Again my assumption is what actually happens behind the scenes is these colleges know their best bets to get the classes they want, and to the extent they have different approaches that could be because they have somewhat different priorities, face different yield models, or so on.
But how much do they really care about you making them your first choice? Or is it just more that by encouraging people to apply ED, they are actually yielding more 94s, and indeed more 95+, but not really changing much who they actually want to get?
Middlebury’s ED strategy changed a few admissions cycles ago. The percentage of the class admitted early has risen significantly since 2019.
For the class entering fall 2019, they admitted 372 of 831 ED applicants.
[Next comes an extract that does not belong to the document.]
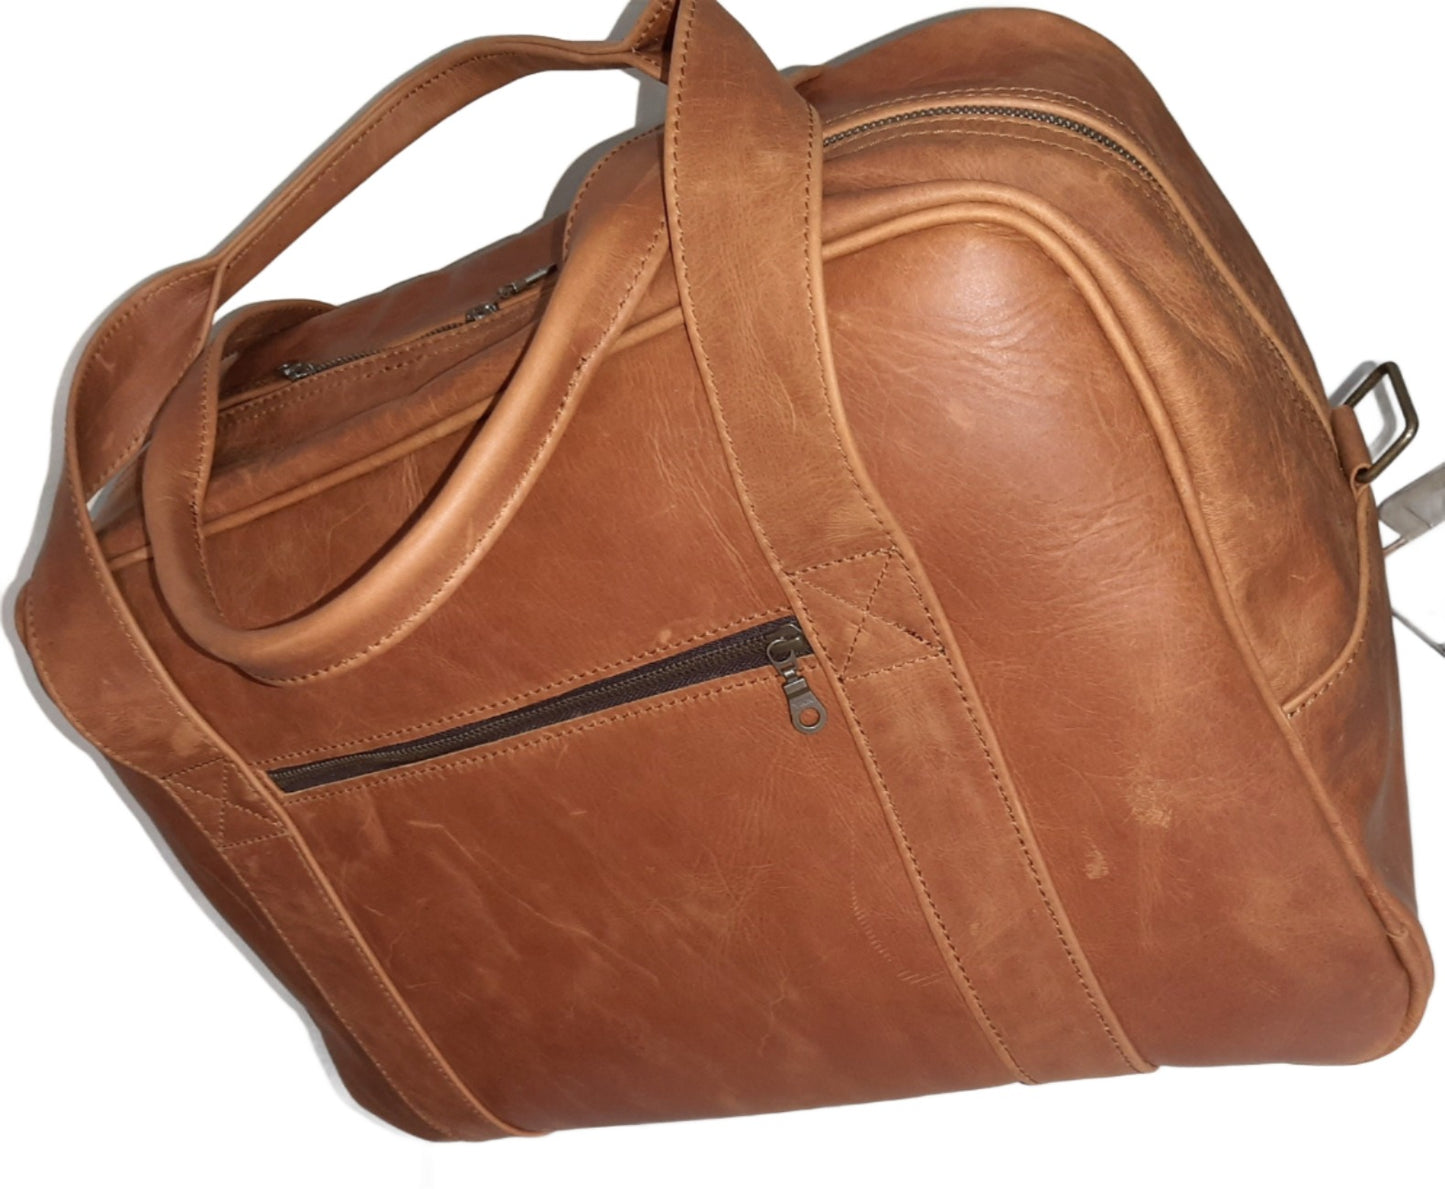 Cape Executive Traveler Bag - Cape Masai Leather

That same year, they took 111 kids off the waitlist.
In fall 2020, they admitted 392 of 838 ED and took 104 off the waitlist.
In 2021, they admitted 425 of 923 ED and took 2 off the waitlist.
In 2022, they admitted 439 of 1039 ED and took 12 off the waitlist.
We don’t have the full CDS for 2023, but we know they took 516 of 1,326 ED. We don’t yet know how many were accepted from the WL.
Middlebury has struggled with over enrollment for the past few years—in a way that most peers have not. The student body hit a high of nearly 2,900 students—ideal enrollment is 2,500. This was partly due to uncertainly around the pandemic and students taking leaves of absence. They had to pay students $10,000 to stay away.
What I deduce is that Middlebury cannot afford the uncertainly around an unpredictable yield, so is using ED to stabilize enrollment until things return to normal. Indeed, the latest predictions are that enrollment will return to ~2,500 by next year. It’ll be interesting to see if they continue to prioritize ED to manage enrollment, or return to the pre-2021 strategy of relying more heavily on the waitlist to manage the class size. Just my two cents.
Rejected, but expected. It was a long shot. Her stats and ecs are not as high as s22 who was lucky enough to get in RD and is very happy there. He suggested she try anyway, but it was a super-reach for her.